Начнем с "маски". Многим она может показаться по существу безобидной. Логос так Логос - не все ли равно? Что касается до меня, то если бы мне насыпали между зубов целую горсть песку и заставили его жевать, то эту операцию я бы перенес с большим спокойствием, чем священное имя Логос на обложке нового Альманаха.
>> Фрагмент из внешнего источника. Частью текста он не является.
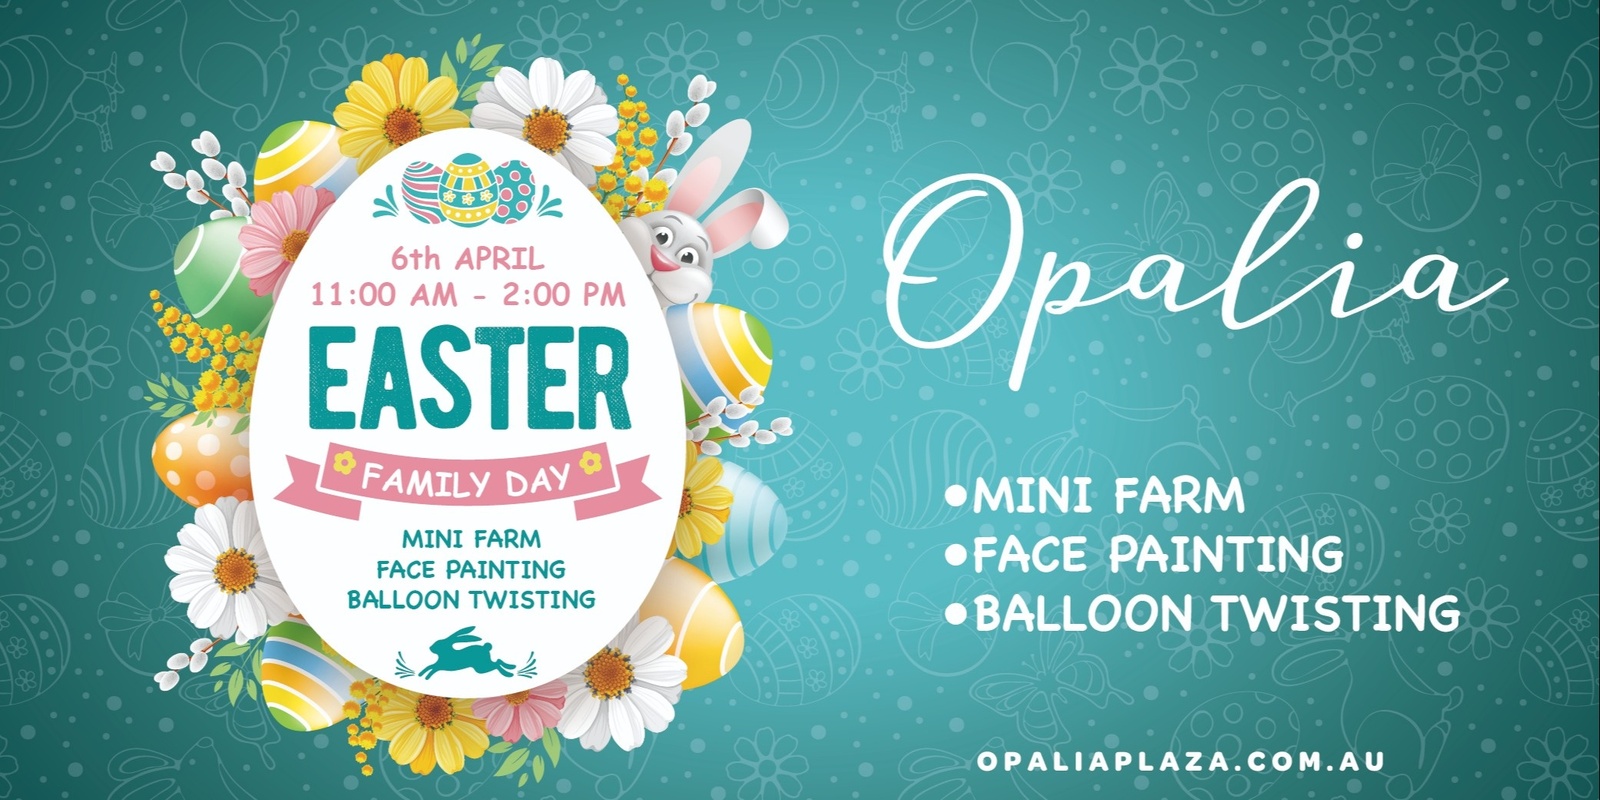 Banner image for Opalia Plaza Easter Family Day

Альманах под названием "Логос" появляется в центре России, живущей религией Слова, религией Логоса. Почти две тысячи лет православный Восток таинственно носит в себе святыню религии Слова. Эта святыня утверждена и раскрыта подвигом величайших святых, начиная с апостолов и фиваидских пустынников и продолжая (но не кончая) таким молниеносным свидетелем Слова, как св. Серафим . В глубочайшем, иератическом молчании скрыта эта святыня. Она вся под землей. Как подземная она могла и даже должна была остаться неизвестной для тех, кто существующее мерит простыми, так сказать физиологическими, глазами. И то, чего не видит этими глазами, считает за несуществующее. Но эта динамическая подземная святыня православия была не раз в истории Востока предметом статического философского созерцания. Невидимые лучи этой святыни озаряли видимым светом горные вершины христианского умозрения. Если, по терминологии Востока, p?ntwn teleiot?th ? t?n ?gїwn filosfїa , то следующую (вниз) ступень философского совершенства занимают те, кто эту последнюю, уже осуществленную мудрость - sofїan kat'?n?rgeian - созерцали умом, издали, как Обетованную Землю. Из массы великих творцов и создателей умозрительного богословия Востока назову более крупных и замечательных: это неизвестный автор "Ареопагитик", св. Максим Исповедник, св. Григорий Нисский .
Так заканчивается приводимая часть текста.